What is needed =>
Without including any images, repeat the data exactly.

Given material =>

══════

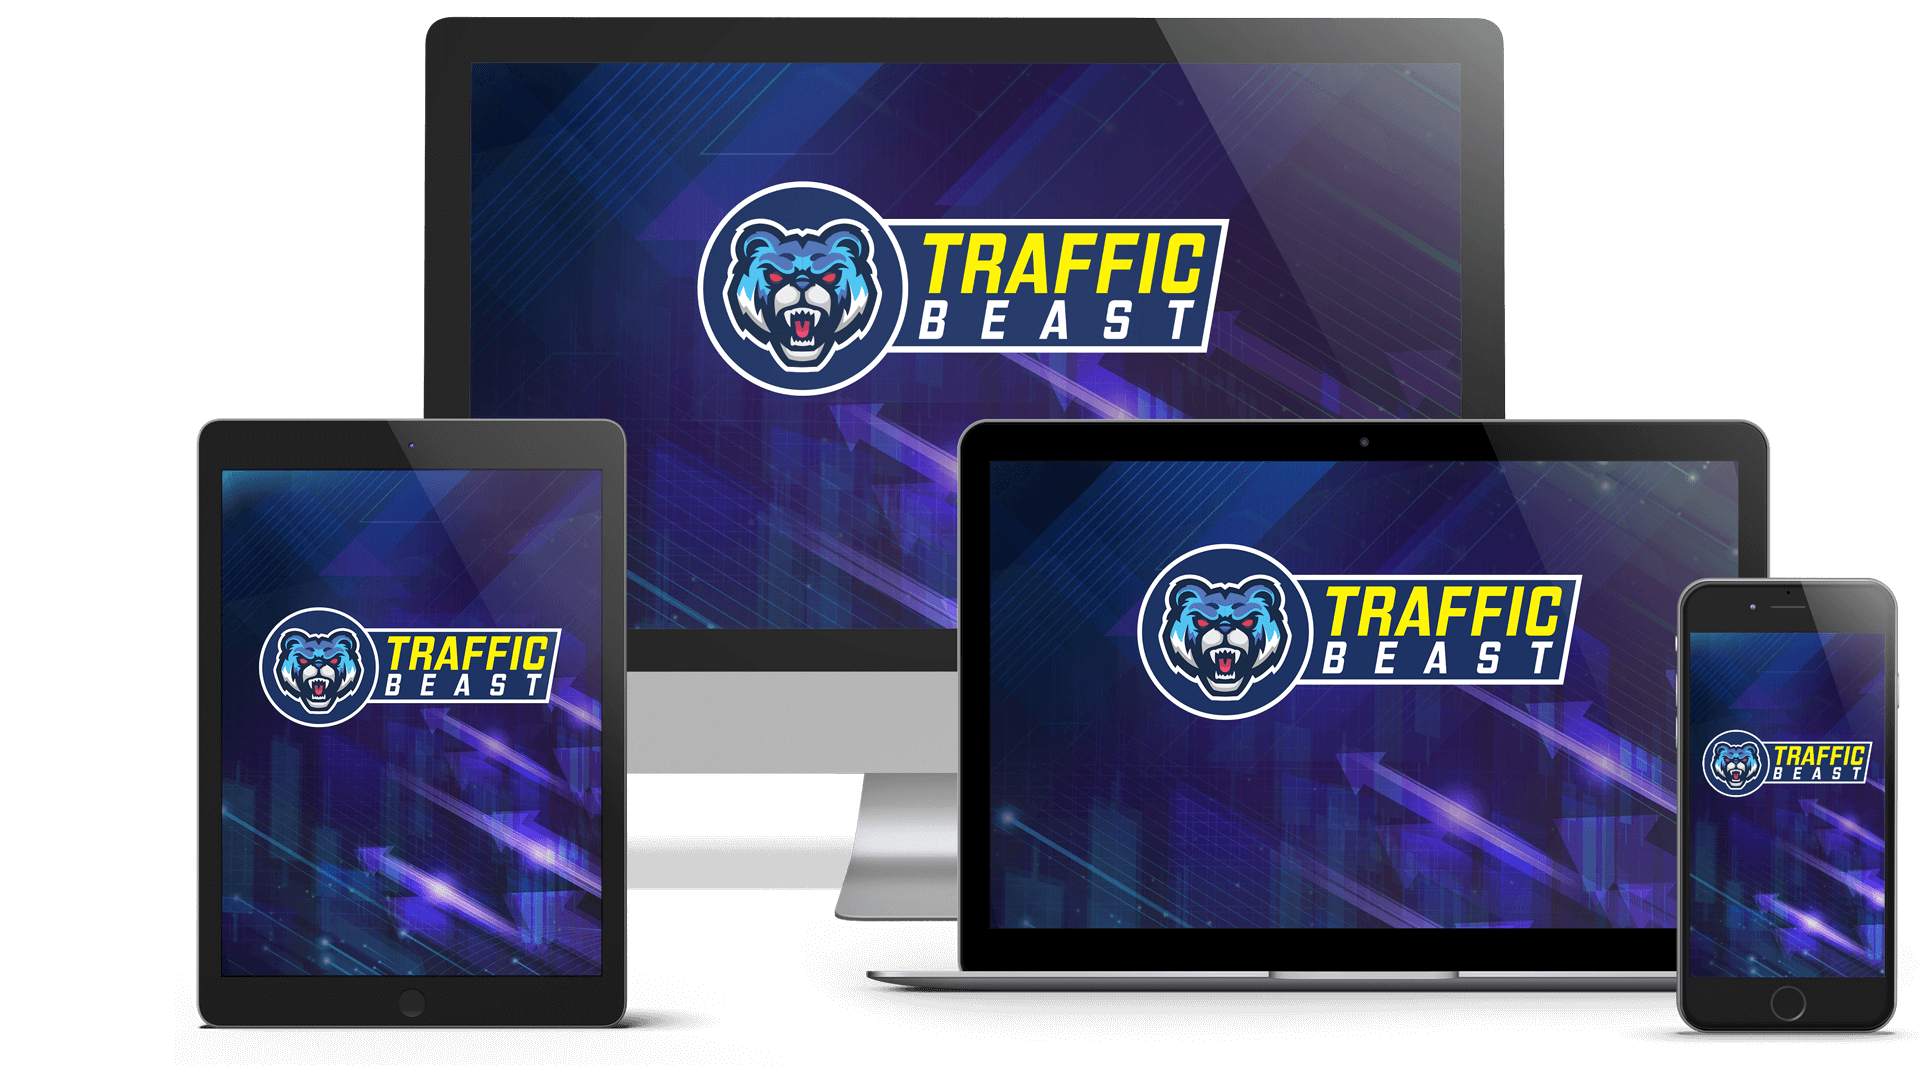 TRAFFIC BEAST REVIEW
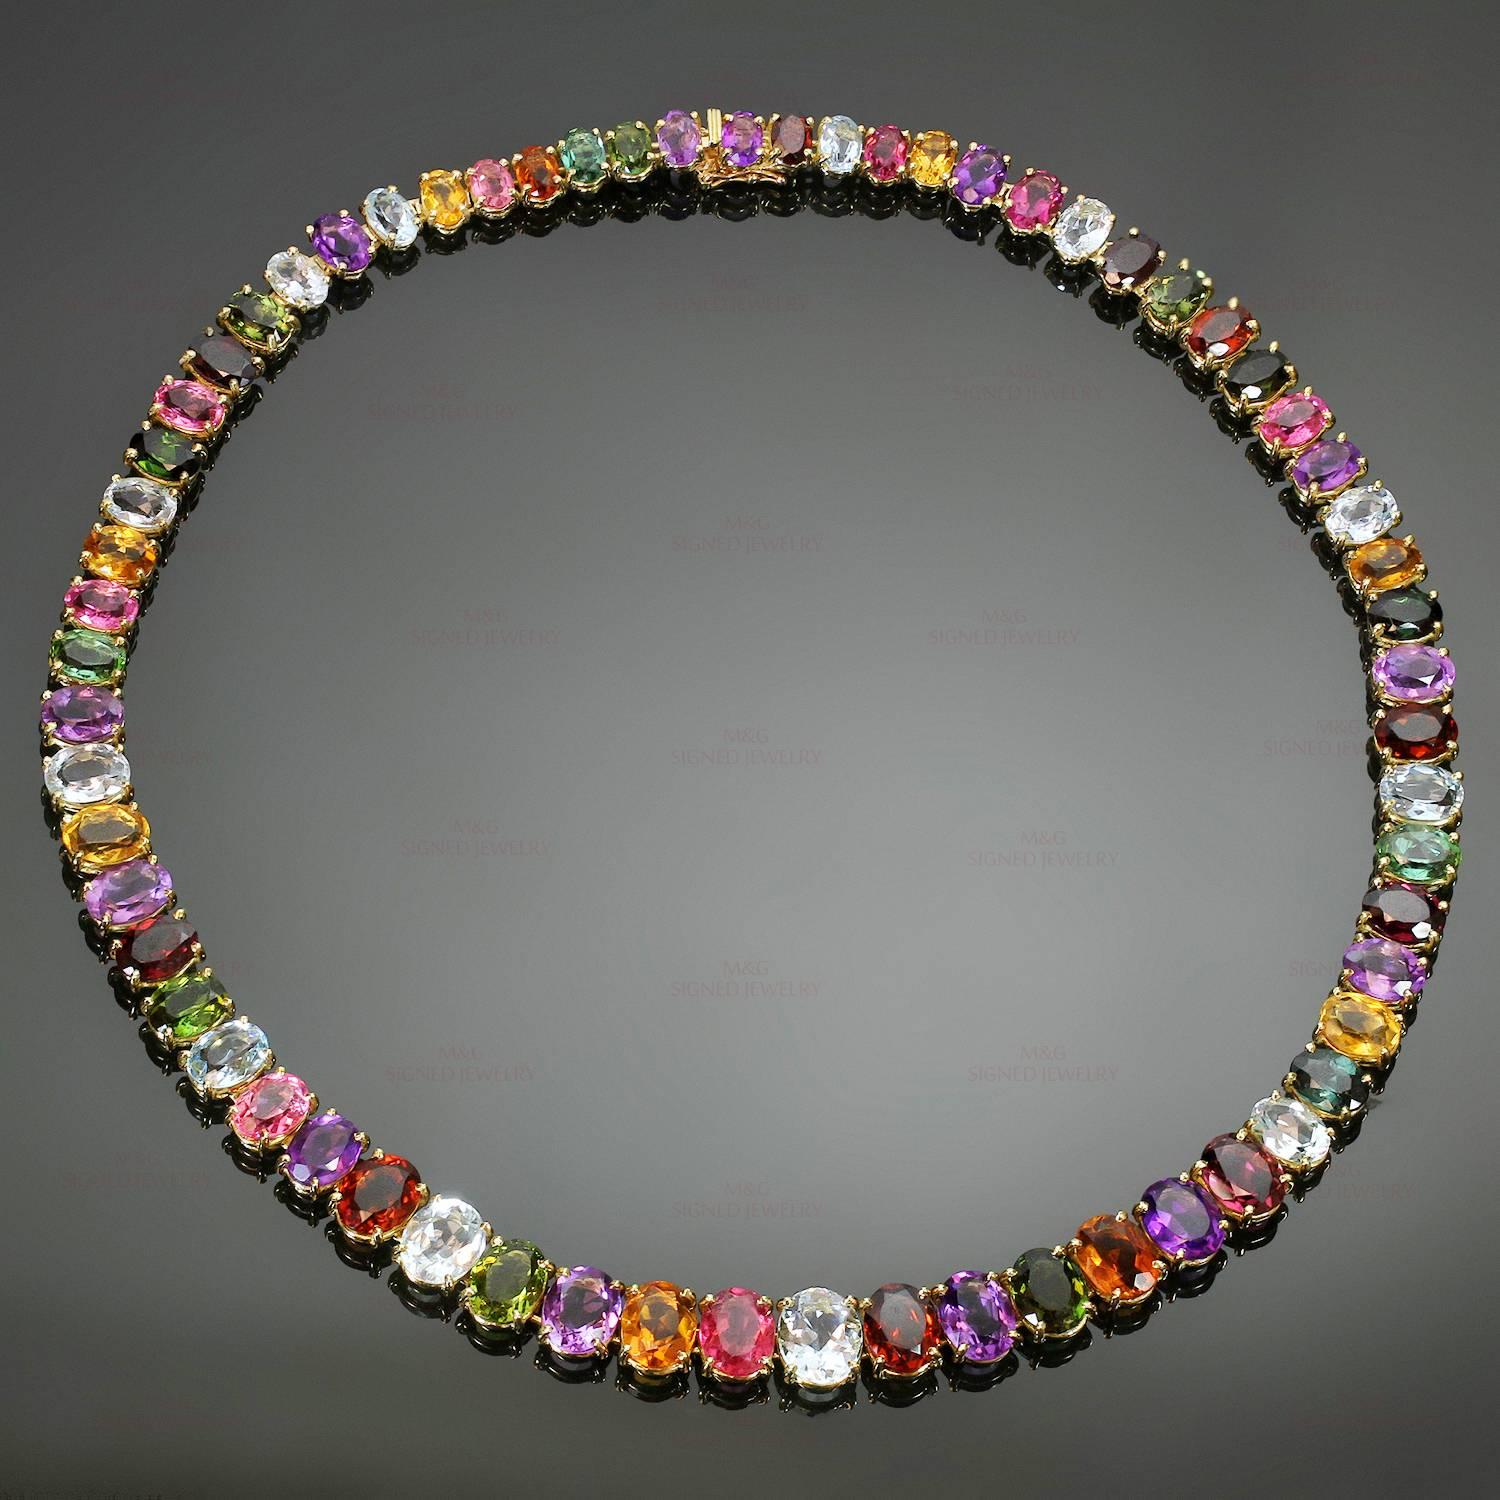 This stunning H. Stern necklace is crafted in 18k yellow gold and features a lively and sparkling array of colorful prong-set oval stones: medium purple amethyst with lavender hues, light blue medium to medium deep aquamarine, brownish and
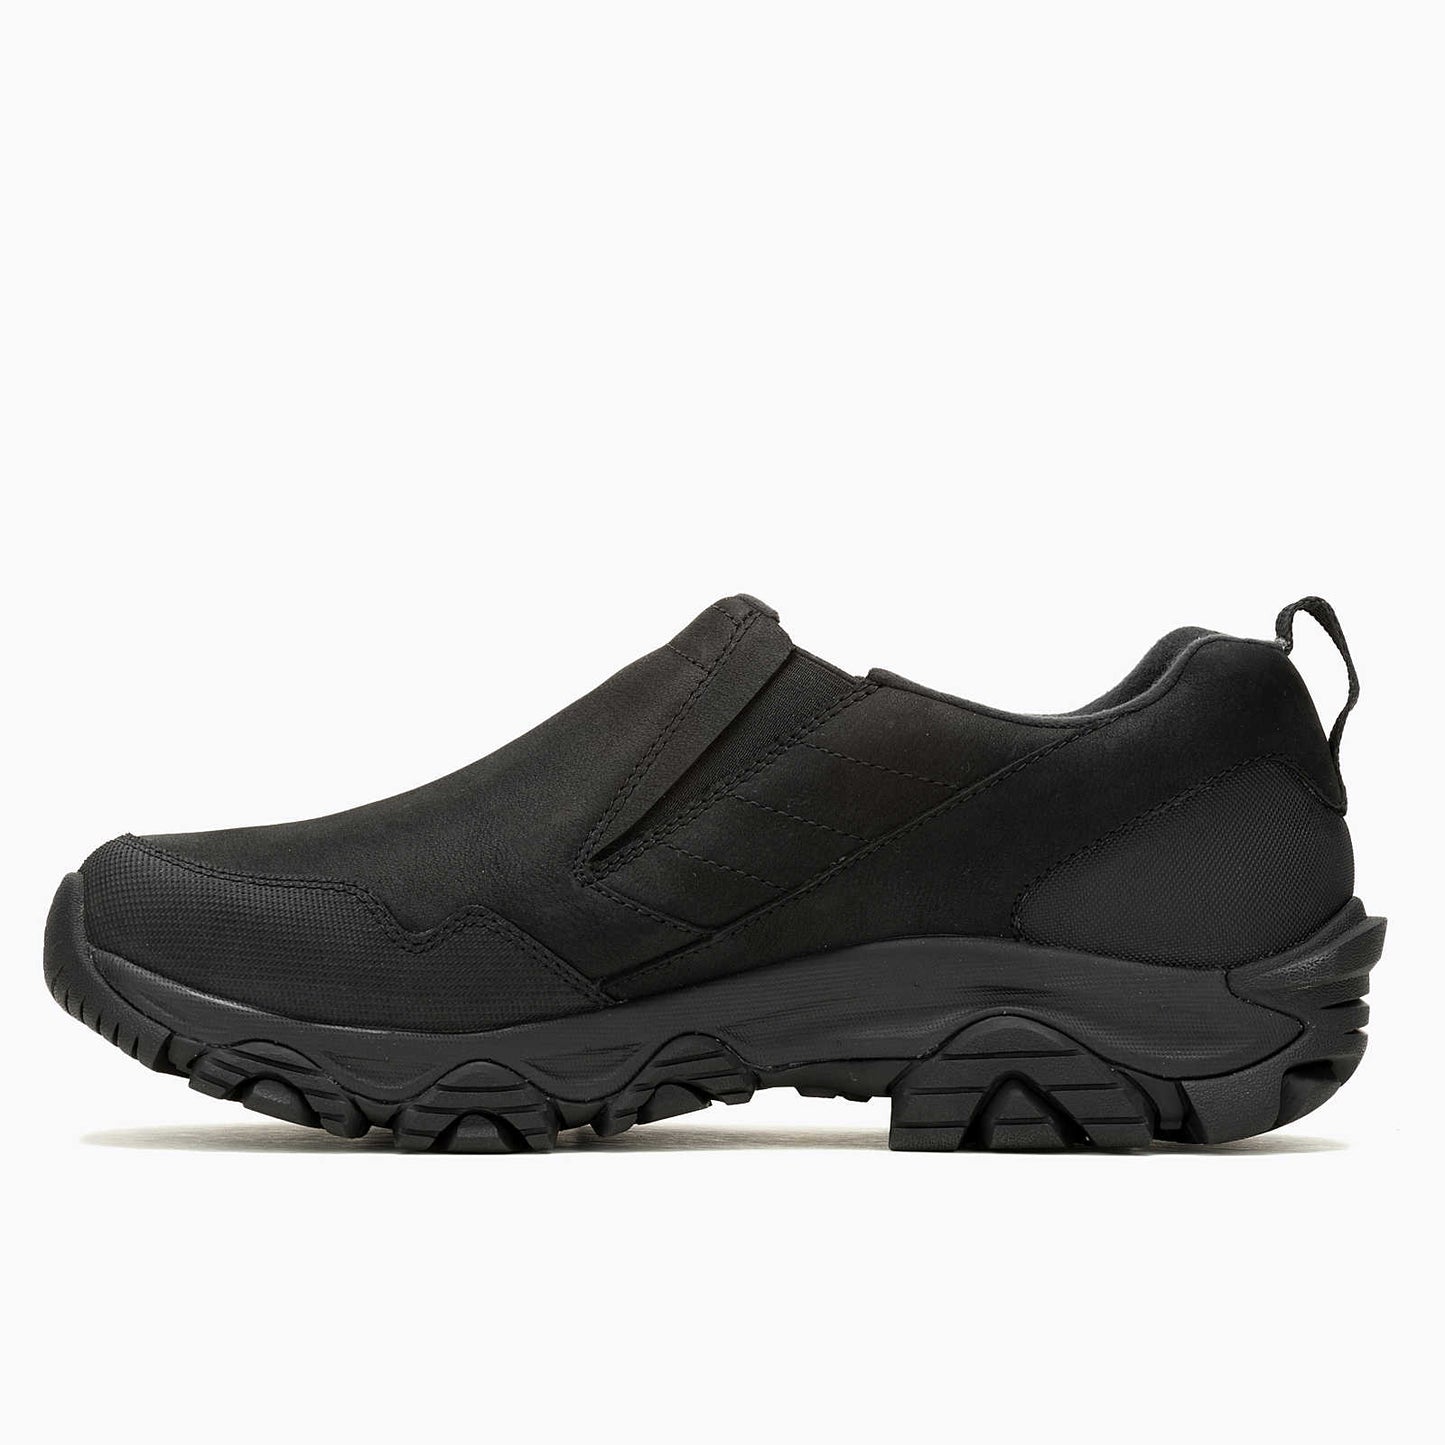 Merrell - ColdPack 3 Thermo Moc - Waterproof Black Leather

══════

Answer section =>
 TRAFFIC BEAST REVIEW
 This stunning H. Stern necklace is crafted in 18k yellow gold and features a lively and sparkling array of colorful prong-set oval stones: medium purple amethyst with lavender hues, light blue medium to medium deep aquamarine, brownish and
 Merrell - ColdPack 3 Thermo Moc - Waterproof Black Leather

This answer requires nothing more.